With "Green Zone," "Bourne" and "Bloody Sunday" filmmaker Paul Greengrass commits a similar sin with his film about that invasion and the search for phantom weapons of mass destruction. He has ignored inconvenient facts — and indeed the very book that the script (by Brian Helgeland) is based on — to conjure up an entertaining if sometimes risible ticking-clock thriller about what "they" didn't want you to know in the run-up to war.

The book was "Imperial Life in the Emerald City," a dry comedy of errors about "neo-con" arrogance, inept planning, naive political optimism and simple Bush White House incompetence. Greengrass and Helgeland have wrung a conspiracy out of that, with Matt Damon as a heroic in-over-his-pay-grade chief warrant officer who starts asking questions about why all these WMD sites he's risked life and limb to get to have turned out to be "donut" holes.

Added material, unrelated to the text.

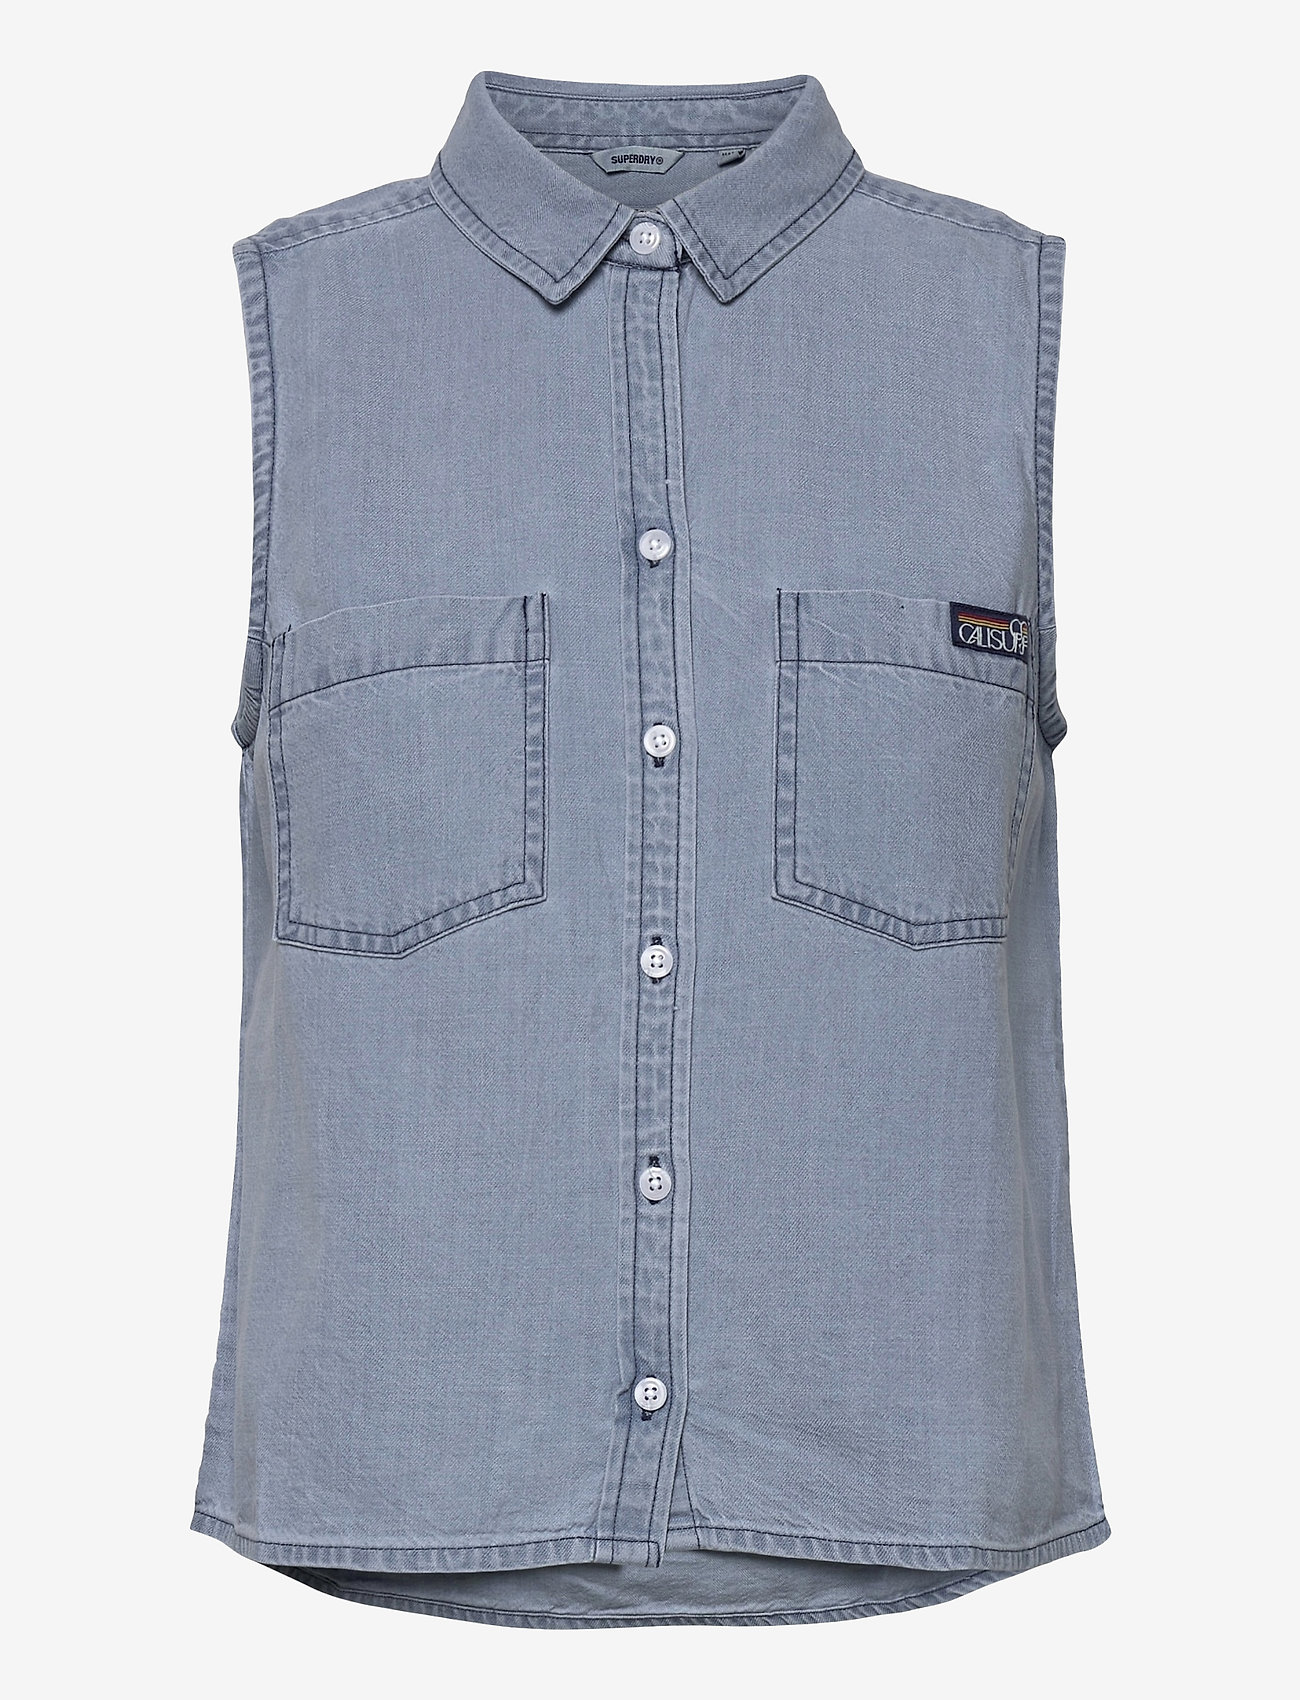 Superdry - SLEEVELESS SHIRT - sleeveless blouses - light wash - 0

Greg Kinnear is the cunning "Democracy is messy" Bush Pentagon planner who is there to play politics with every decision. Brendan Gleeson plays the CIA section chief who can see the future and lectures one and all on the "insurgency" that will begin after a few days without water, electricity or anything for the vast, newly unemployed Iraqi Army to do. Amy Ryan is the guilt-ridden Wall Street Journal reporter who printed White House whoppers and now sees the consequences. (By the way, she's based on Judith Miller, formerly of The New York Times.)

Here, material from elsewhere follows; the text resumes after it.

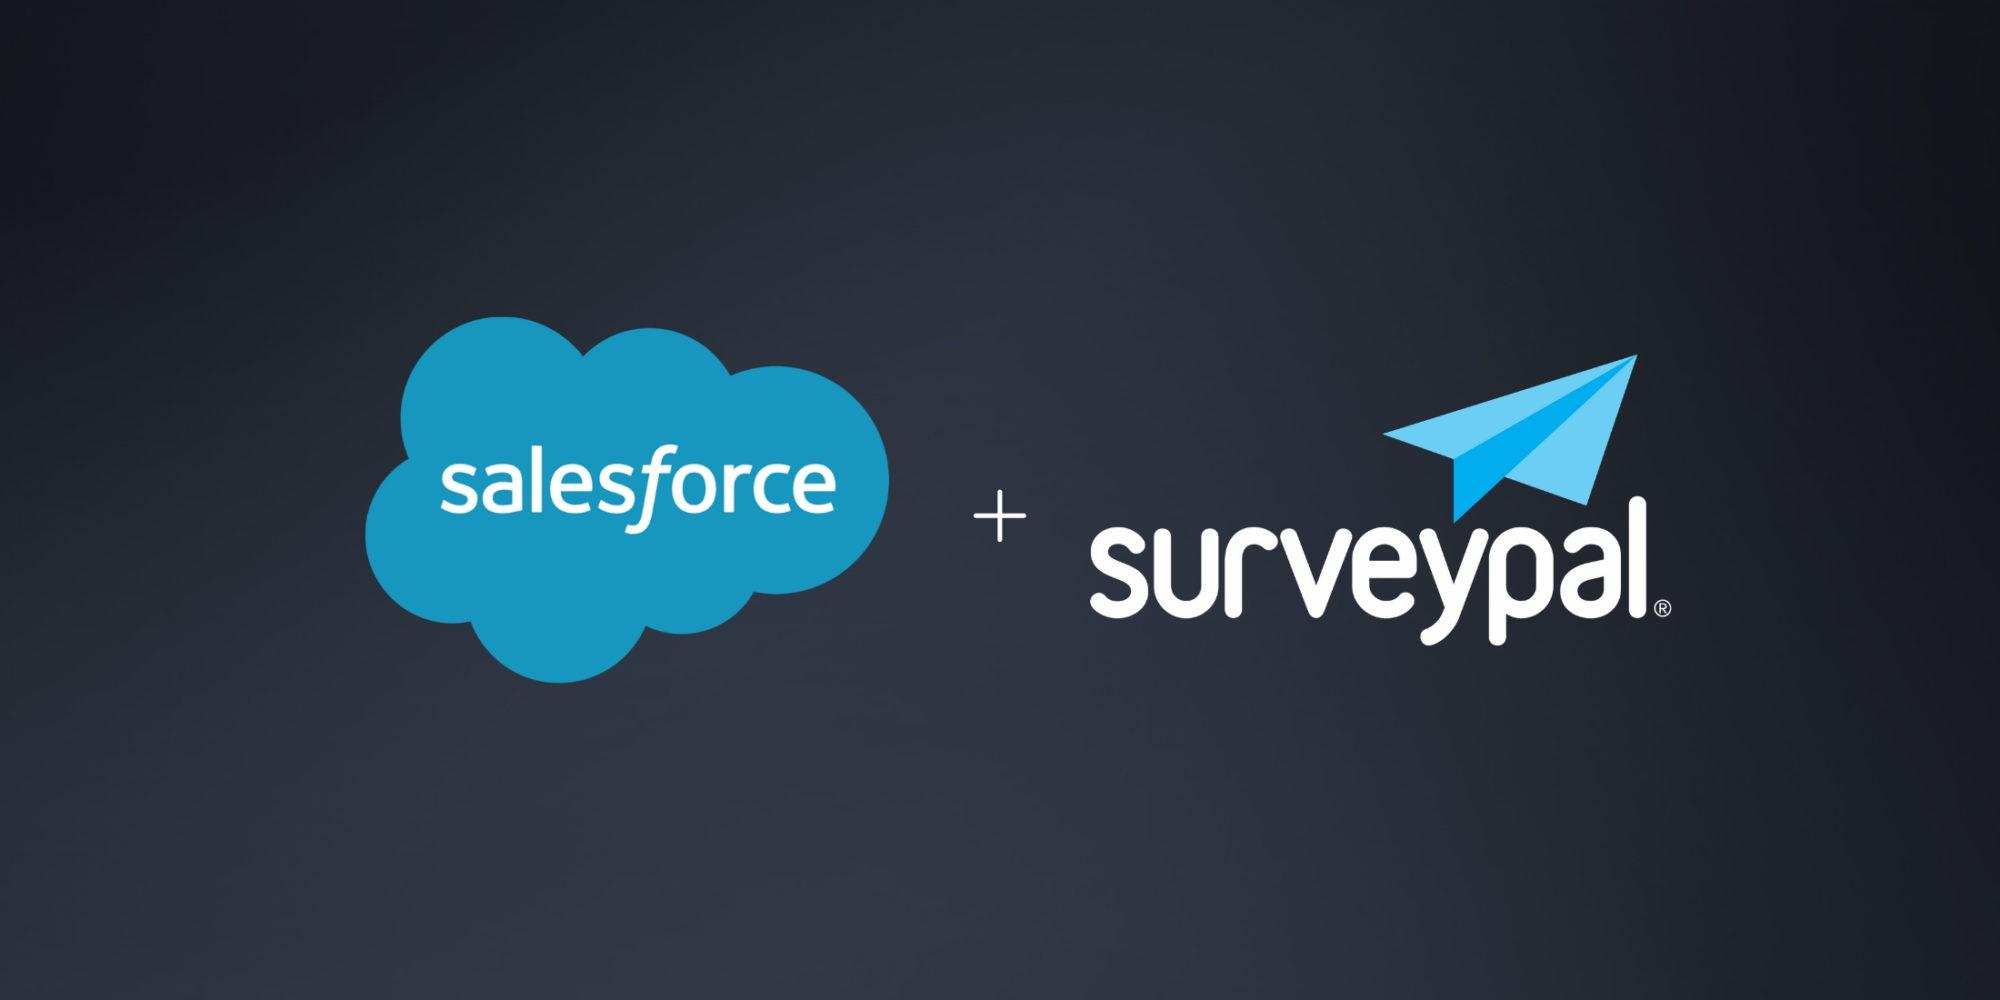 Salesforce logo next to Surveypal logo on a dark background

And Khalid Abdalla is Freddy, the wooden-legged Iraqi who tries to help Damon's chief in the field, translating, passing on tips, assisting raids. "I want to help my country!"

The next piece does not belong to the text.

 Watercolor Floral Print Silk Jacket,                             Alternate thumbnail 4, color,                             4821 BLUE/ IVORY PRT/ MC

"Green Zone" isn't so much a bad movie as a misguided one. In the Greengrass zone, action is amped up by whiplash editing, shaky cameras, snippets of night-vision video. The "Bourne" director's impact on action films is vast, and this one stages chases and house-to-house combat with great verve. But he loses the central metaphor, the bizarre alternate reality the political hacks were living under in their guarded enclave, the chaos outside the Emerald City's walls.

And with every Gleeson variation of Colin Powell's "You break it, you buy it" analogy, every earnest Damon "discovery" that he and the country have been lied to, every fresh bit of evidence that the people who planned this weren't intellectually up to the task of actually sweating the details, "Green Zone" begs another variation on this response. Yeah. And?